Thursday, May 12, 2011

Convicting the "Other" on Wall Street

Raj Rajaratnam
In all the discussions of the recent conviction of Raj Rajaratnam in the Galleon Trial in New York City, I'm wondering why the press hasn't identified the possibility that racism played a part in this prosecution.  He certainly doesn't fit the profile for a big-time inside trader.  The typical high-level employee on Wall Street is a white man.  That's  not to say that Rajaratnam isn't guilty of his crimes, I'm just curious how much of this prosecution was driven by his "otherness," an Indian man.

This would certainly not be the first time that race played a part in the prosecution of a criminal.  Death Penalty cases are rife with examples of differential value of human life (black on white murder nets the harshest penalties while white on black crime the most lenient).  Are we seeing a similar pattern in the conviction of financial criminals for crimes stemming from the 2008/2009 financial collapse?  I hope not.

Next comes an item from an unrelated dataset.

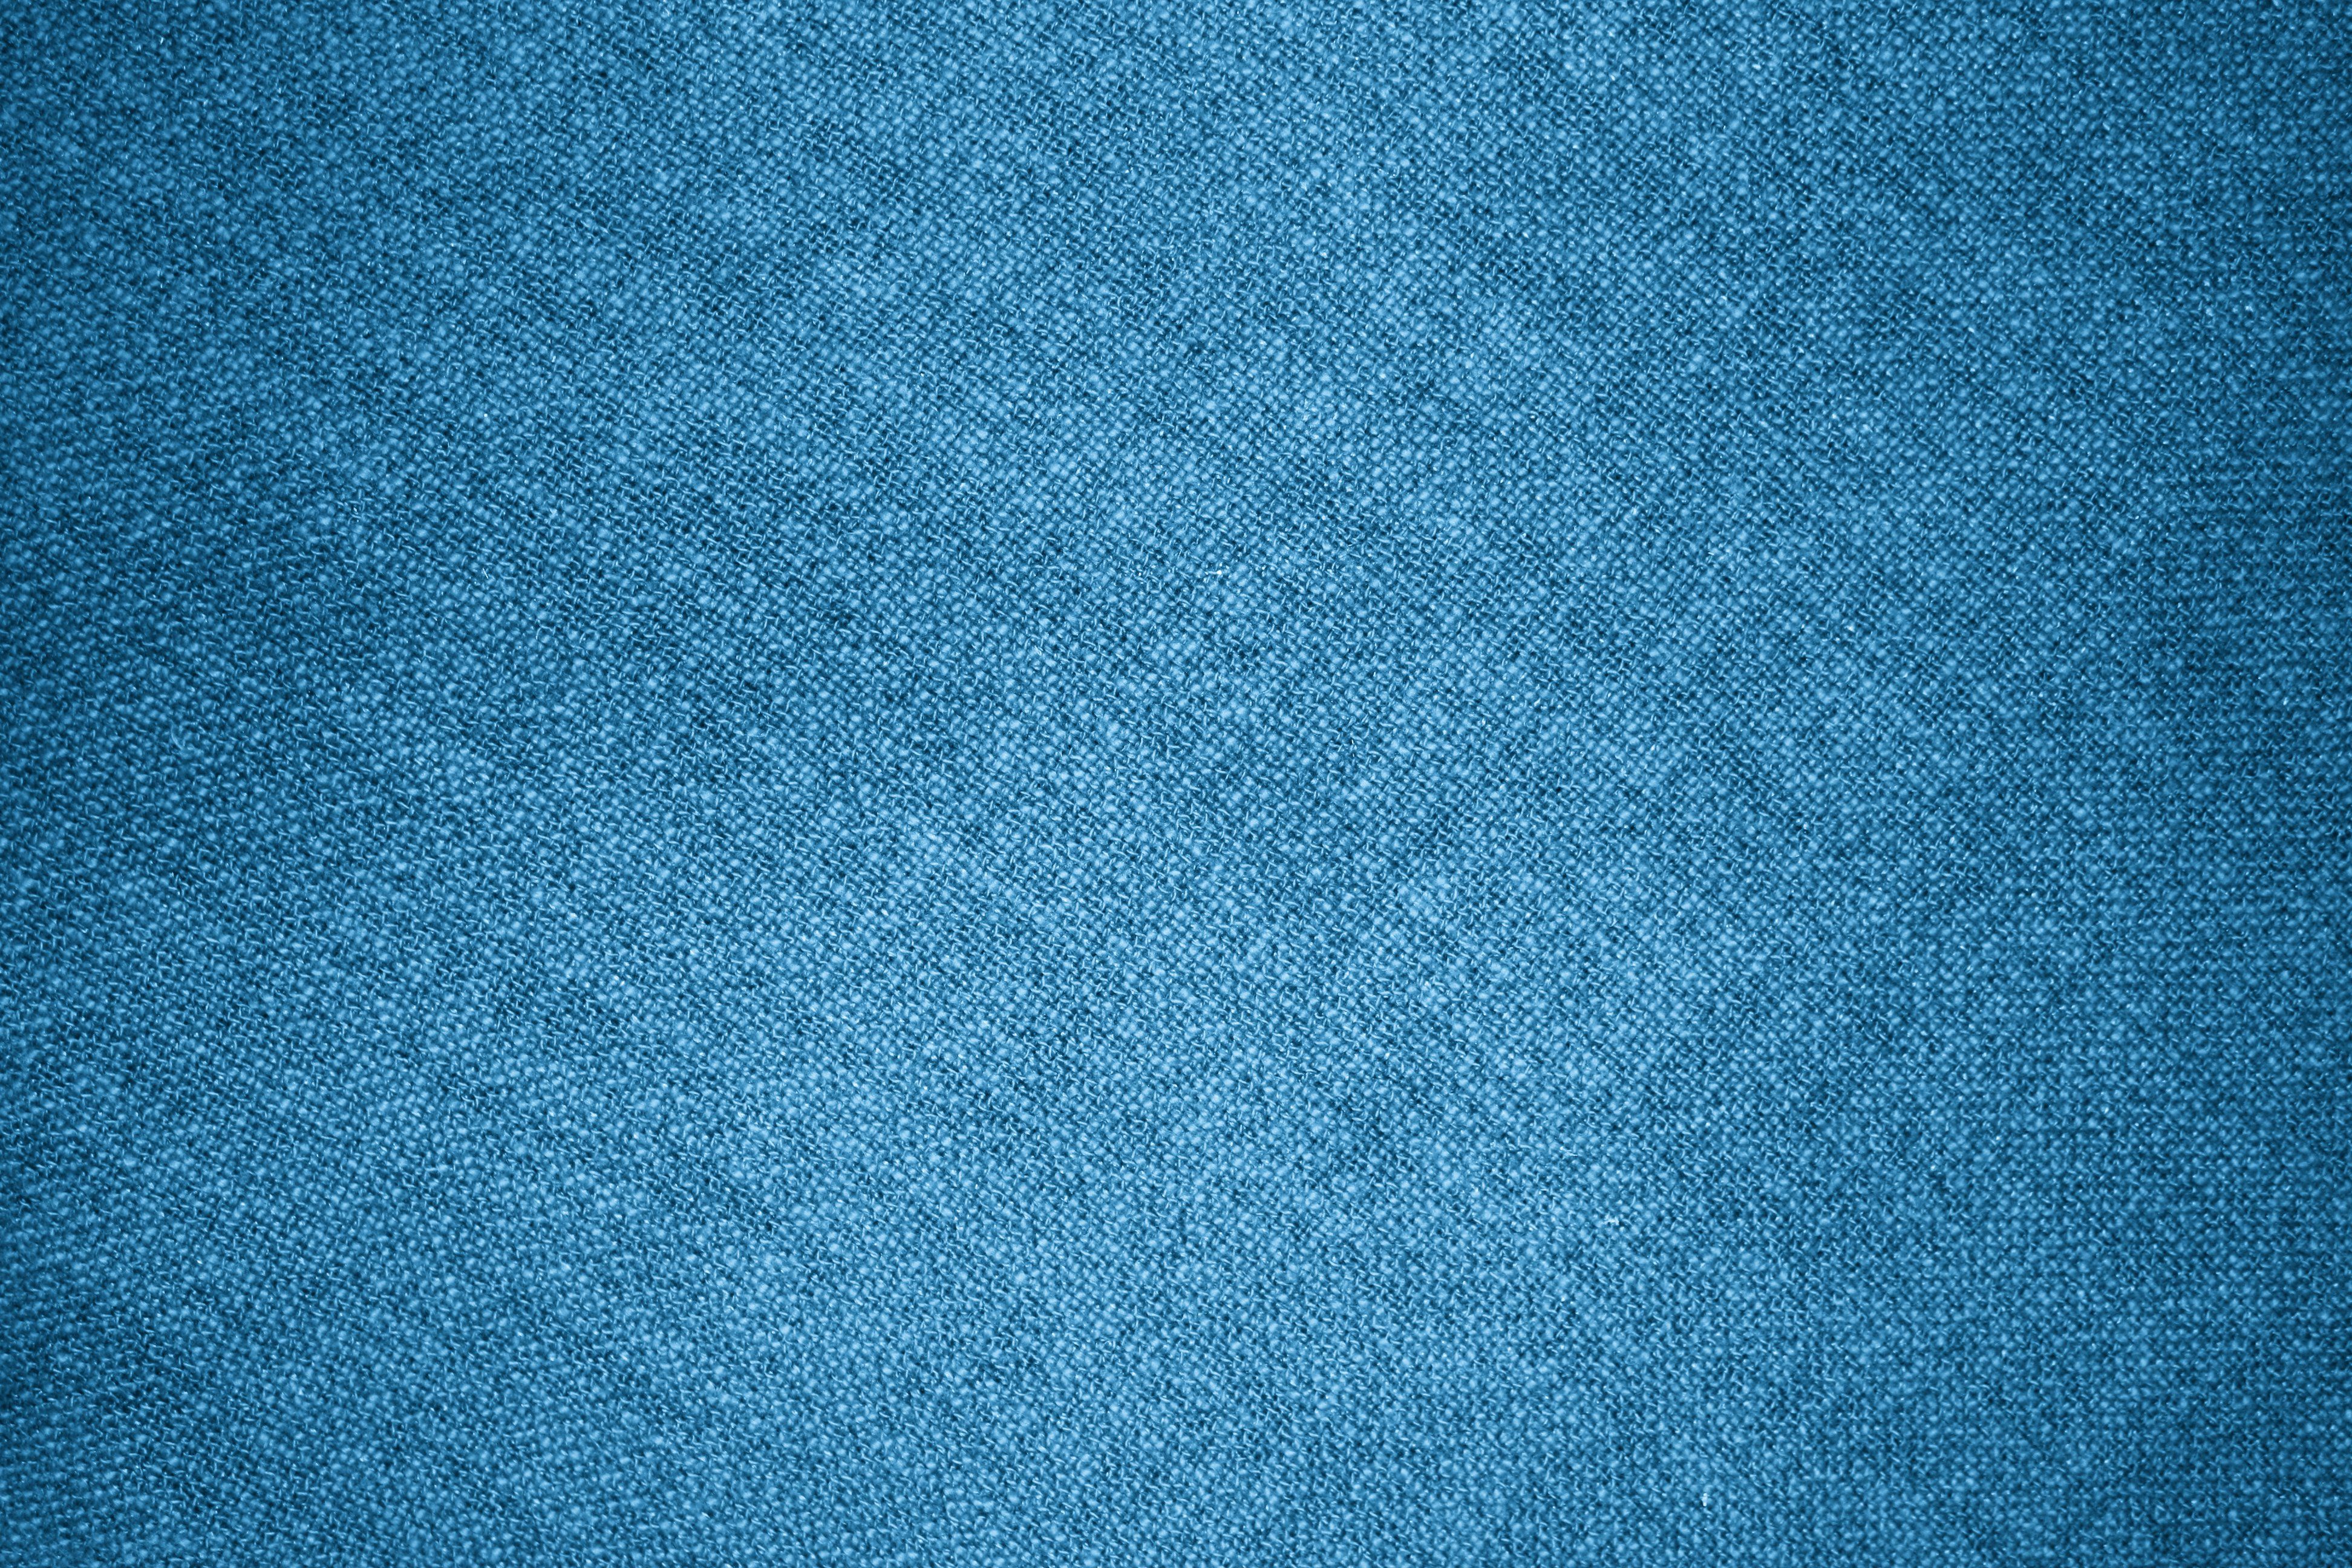 Azure Blue Fabric Texture - Free High Resolution Photo | Art ...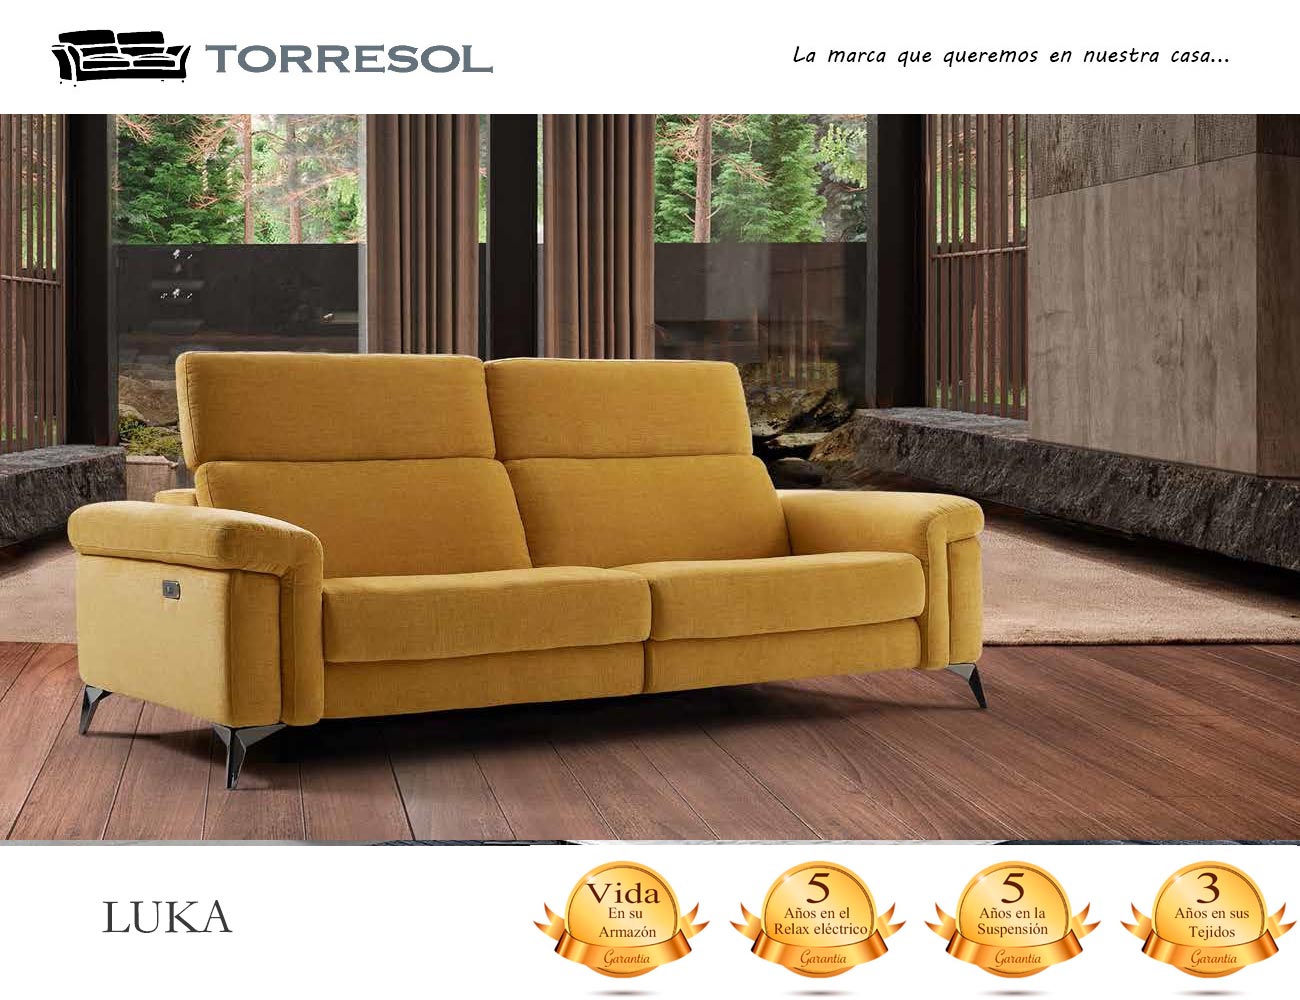 Sofa luka torresol 1

But in the time since the financial collapse, the SEC and US Attorney's Office have managed to convict only two perpetrators: Bernie Madoff who embezzled money from other rich people; and Rajaratnam, a hedge fund manager.  In an industry that is 90% white, the odds are strongly against convicting a non-white of financial crimes, yet Rajaratnam was tried and convicted.  Indians barely register on the financial industry demographics (presumably as Asian).

90% of the financila industry is white, 60% is white men, how is it we managed to go after an Indian?